Probably only a few million years young, Beta Pictoris b is already fully formed, despite standard models that say such a planet should take ten million years to reach "adulthood," researchers say. The planet breaks the record once held by the planet BD 20 1790b, which clocked in at 35 million years old.
The new planet is also nearer to its parent star than any other known planet outside our solar system - about as close as Saturn is to our sun.
Located about 63.4 light-years from Earth, that star, named simply Beta Pictoris, is similar to our own star. And like Beta Pictoris b, Beta Pictoris is relatively young - about 12 million years old, compared with the sun's 4.5 billion years.

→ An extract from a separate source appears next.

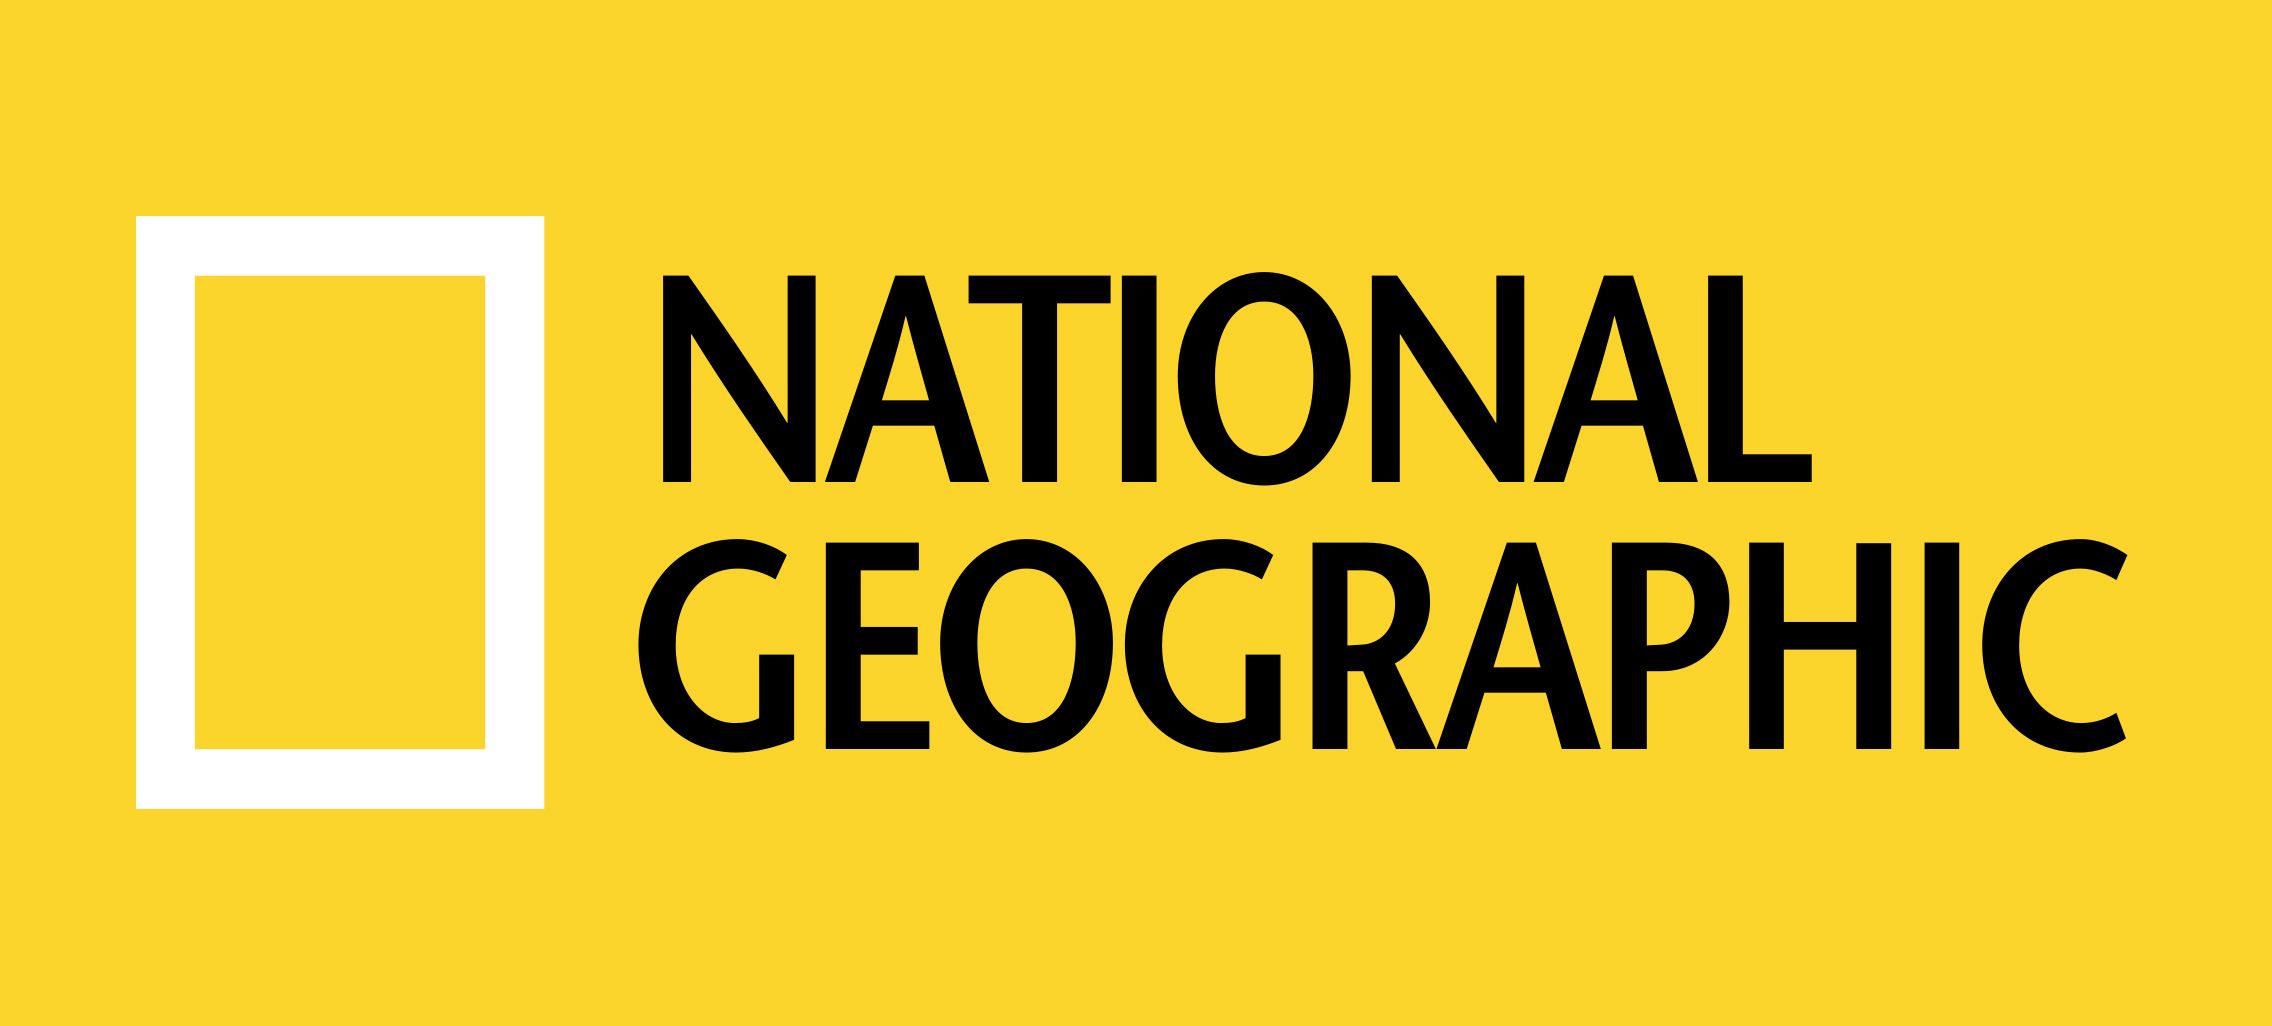 National Geographic Logo - National Geographic Logo, National Geographic Symbol, Meaning

First Direct Evidence of Youngest Planet
Previous pictures - including Hubble Space Telescope images released in 2006 - had revealed that an orbiting disk of dusty debris, likely created by the collisions of young asteroids and planets, surrounds Beta Pictoris.

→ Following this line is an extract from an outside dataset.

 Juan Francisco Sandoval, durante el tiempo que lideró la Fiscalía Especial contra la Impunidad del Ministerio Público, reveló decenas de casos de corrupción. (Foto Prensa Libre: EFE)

A gap in the disk, which resulted in a ring around the star, had suggested that a Jupiter-like "gas giant" planet was sweeping through. But the existence of the planet wasn't confirmed until the European Southern Observatory's Very Large Telescope captured the new pictures in 2009.

The infrared pictures make clear that Beta Pictoris b, which is about nine times more massive than Jupiter, is not only a real exoplanet - a planet outside our solar system - but a fully formed one.
"It's the first time we have direct proof of the time scale to form a planet - the first proof to say a planet can form rapidly," said study leader Anne-Marie Lagrange of the Astrophysics Laboratory of Grenoble in France.
Beta Pictoris a Boon to Planet Hunters?
Lagrange believes that stars with debris rings make "nice places to look for planets."
She's not convinced, though, that all rings around stars are proof of planets. By gravitationally yanking out masses of debris from a disk, a flyby from a nearby star could also create rings, she said.
Separating planet-neighboring rings from the other types of rings should get easier after 2012, when the Atacama Large Millimeter Array (ALMA) radio telescopes - more sensitive than current arrays - are scheduled to go online in Chile.
When it comes to planet hunting, Lagrange added, the pace of technology has been impressive.
"We are just now starting to be able to make direct images of exoplanets," she said. "We get very different information now, and in a few years' time we may even be able to look inside the atmospheres of these planets."
The new planet study appears in this week's issue of the journal Science.